▶ Information provided:
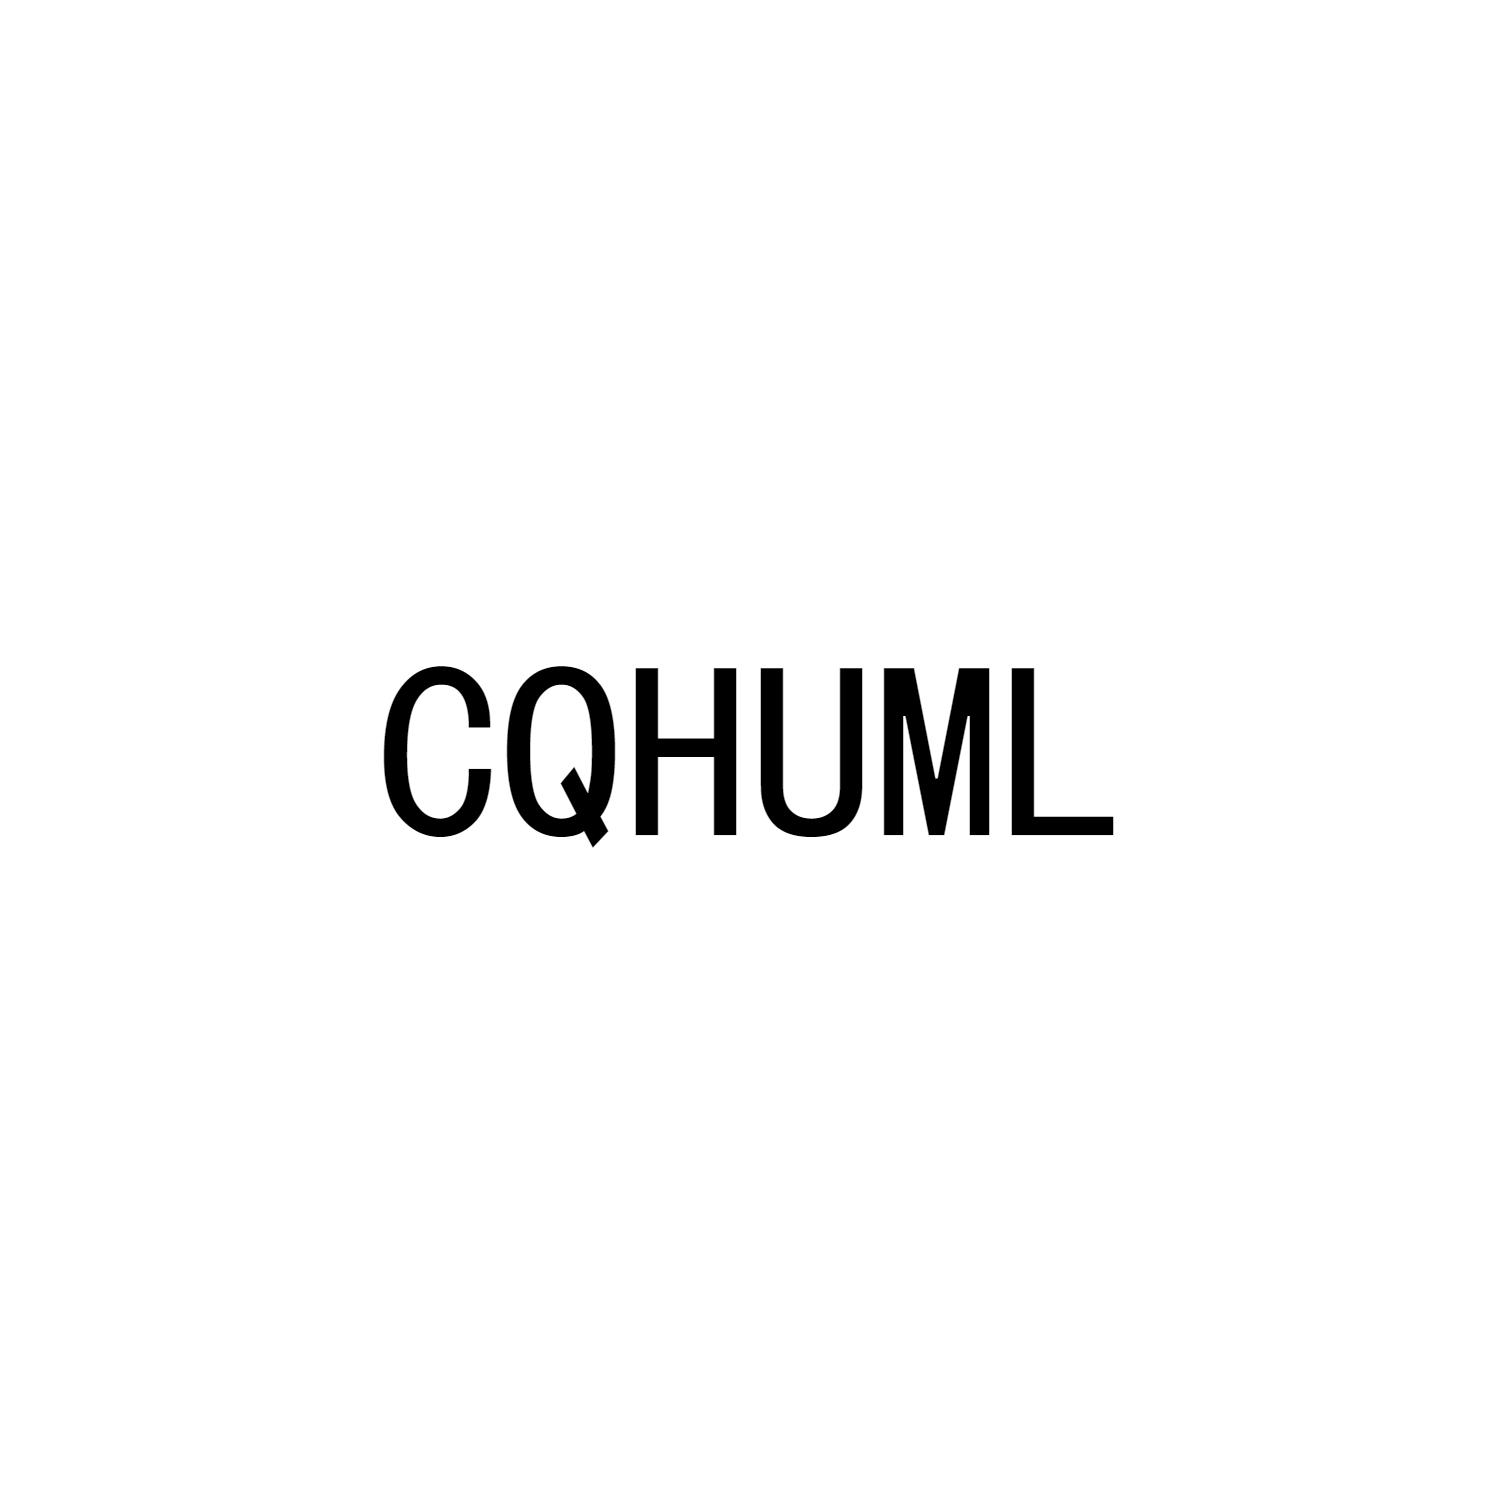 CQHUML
...
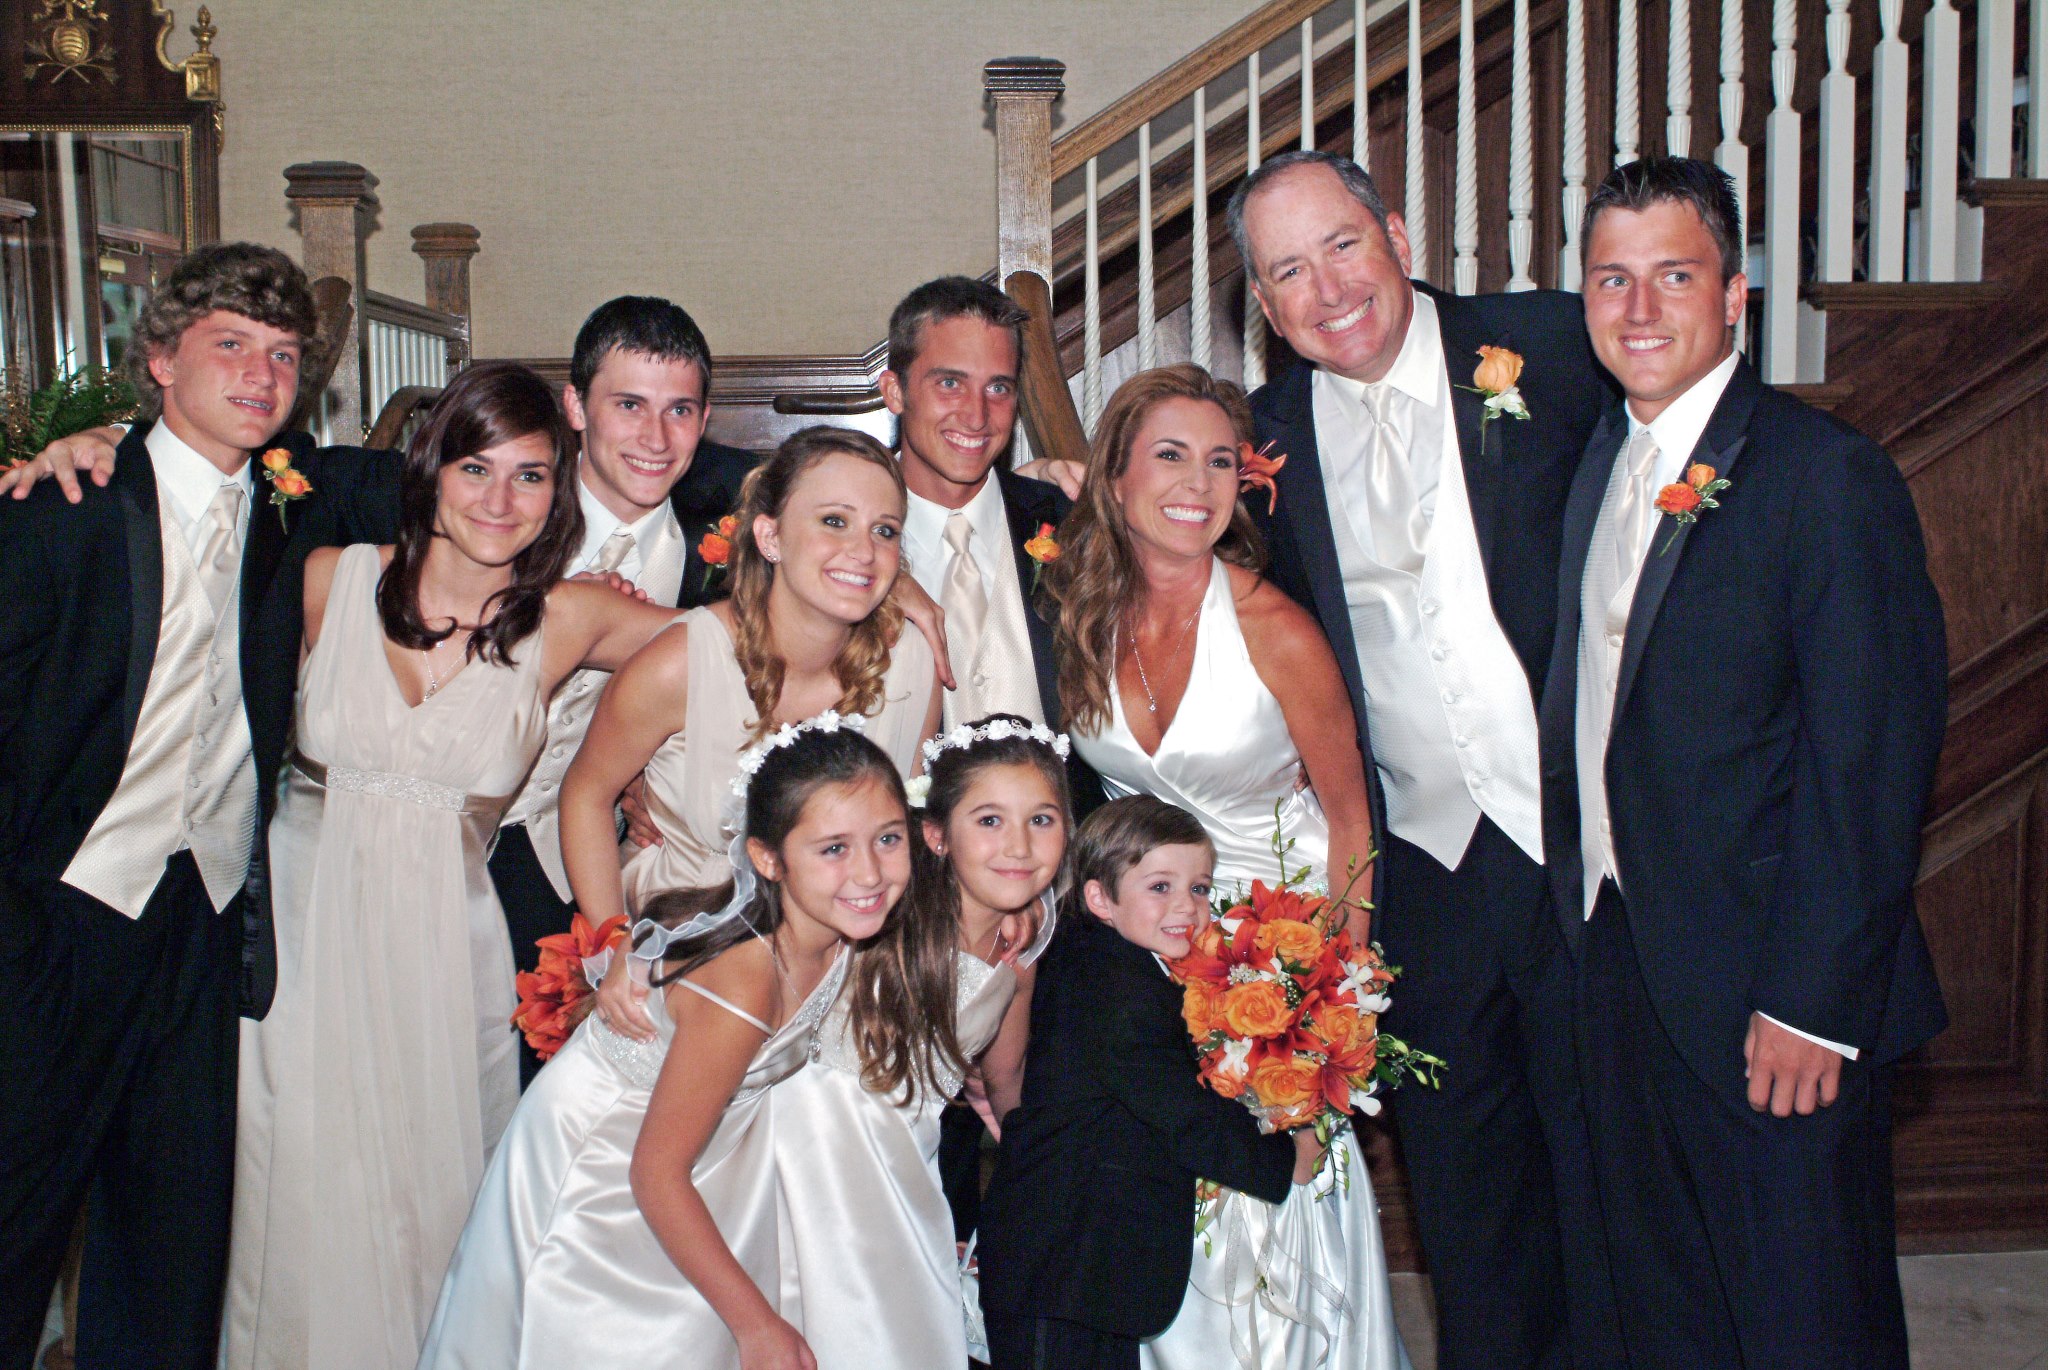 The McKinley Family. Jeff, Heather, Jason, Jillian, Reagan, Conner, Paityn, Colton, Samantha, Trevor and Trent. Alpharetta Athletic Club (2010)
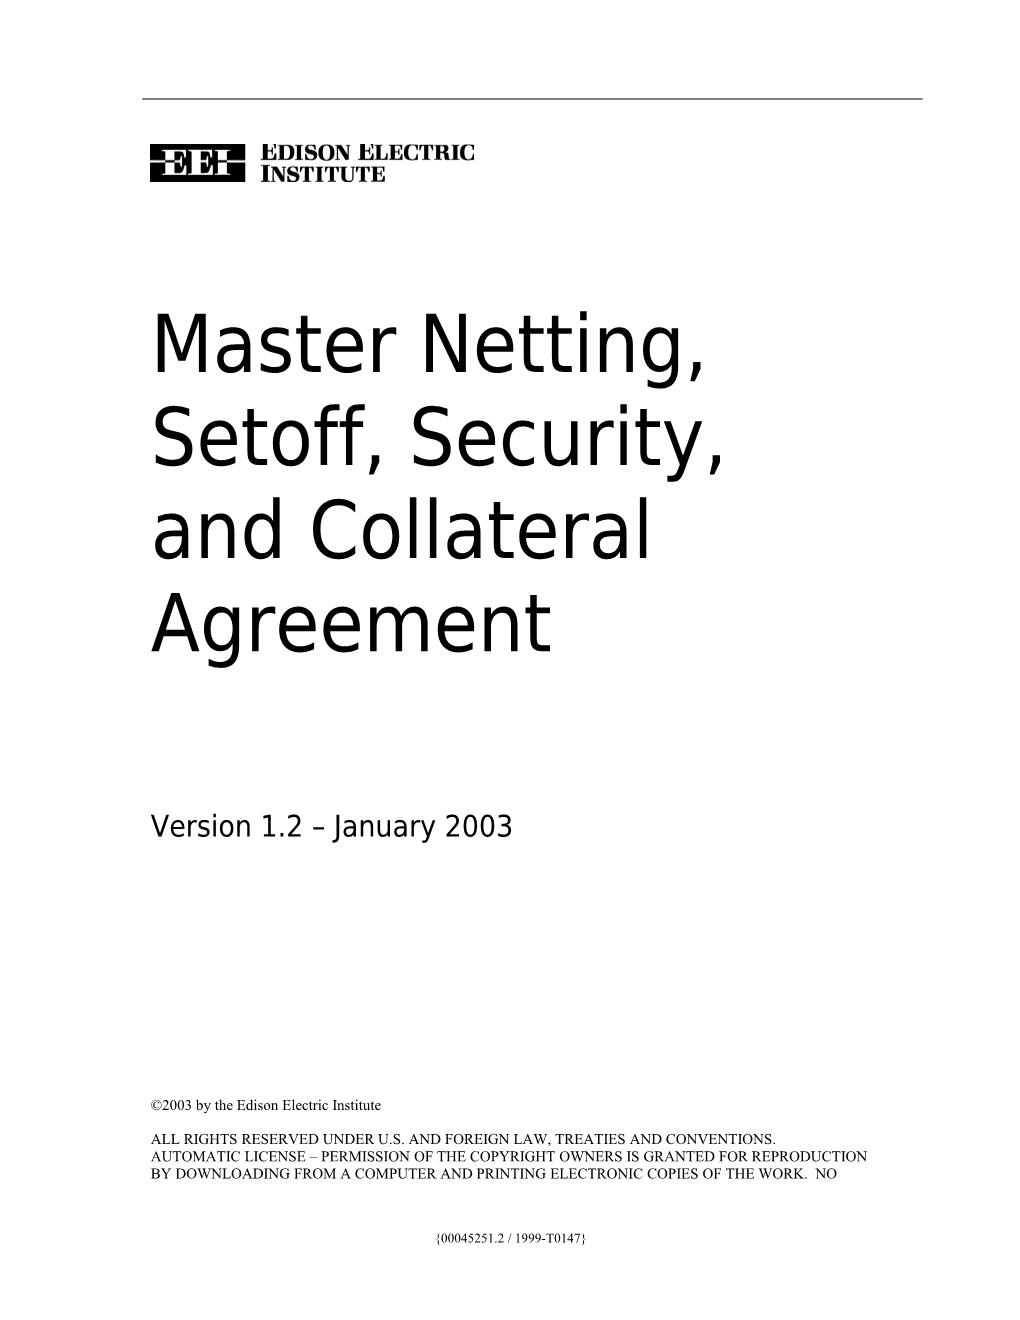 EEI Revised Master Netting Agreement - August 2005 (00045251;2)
* * *
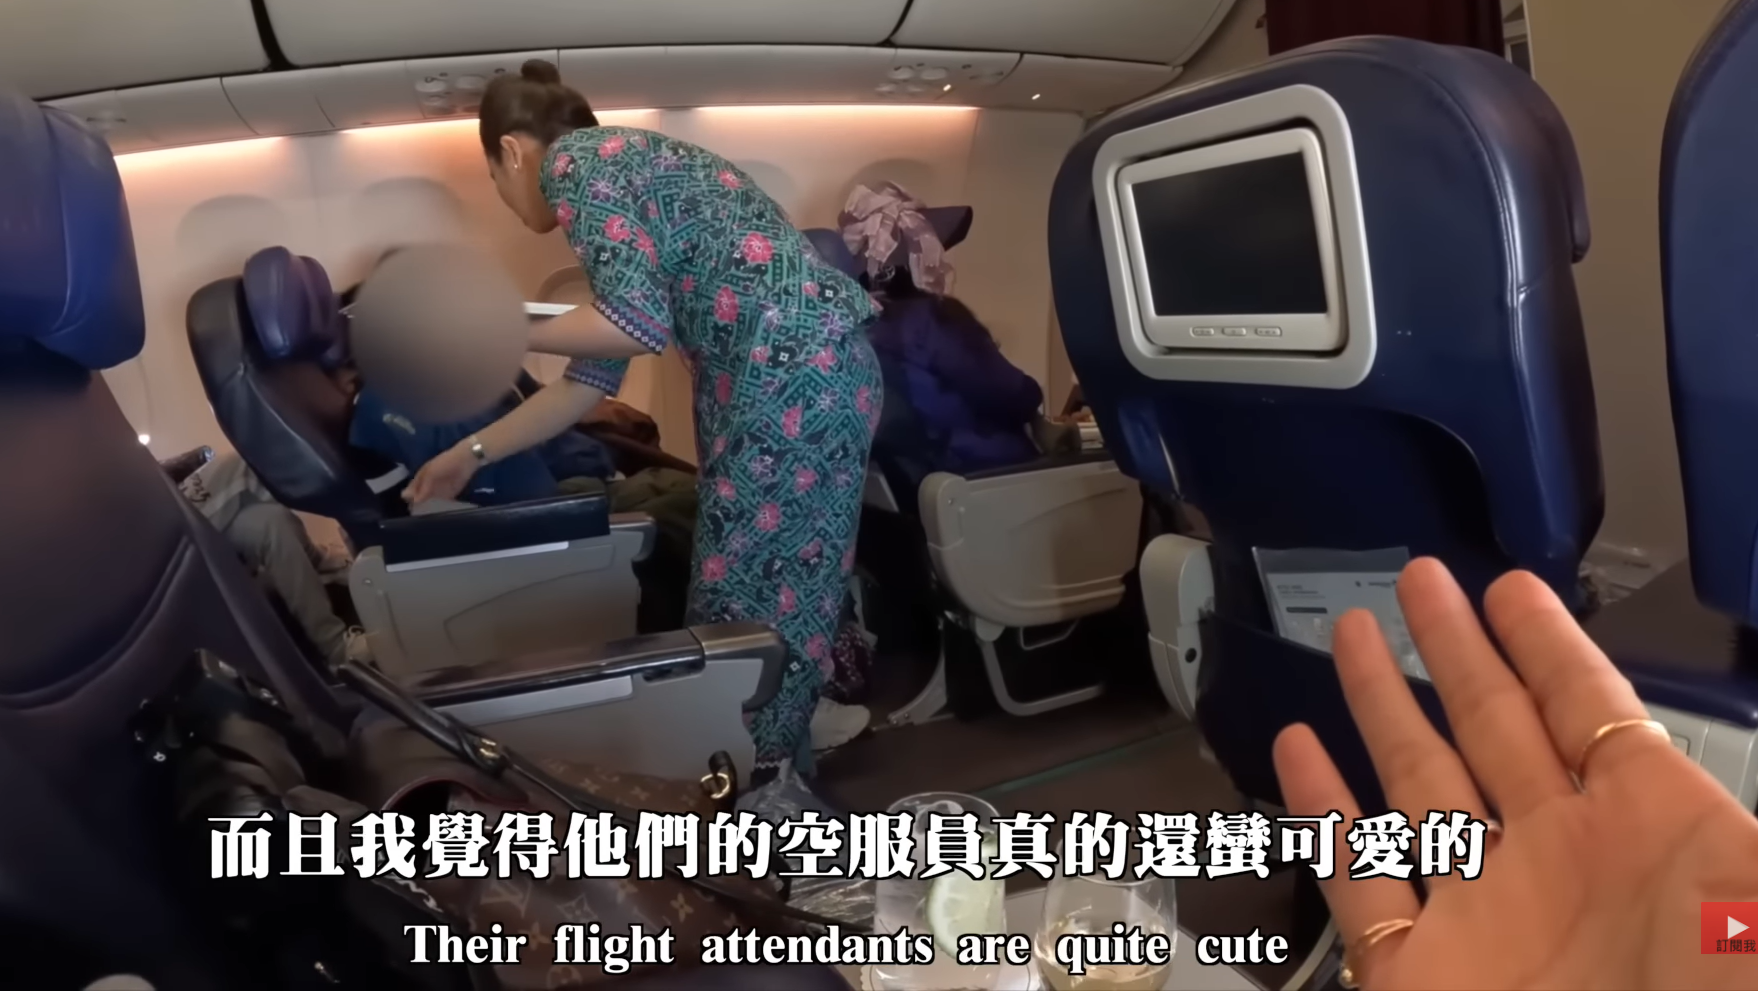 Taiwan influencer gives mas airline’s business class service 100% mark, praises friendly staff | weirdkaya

▶ Activity:
Transcribe, word for word, the stretch of lines in the data above from the one with "The McKinley Family." through the one with "EEI Revised Master"; omit all pictures.

▶ Result of this task:
 The McKinley Family. Jeff, Heather, Jason, Jillian, Reagan, Conner, Paityn, Colton, Samantha, Trevor and Trent. Alpharetta Athletic Club (2010)
 EEI Revised Master Netting Agreement - August 2005 (00045251;2)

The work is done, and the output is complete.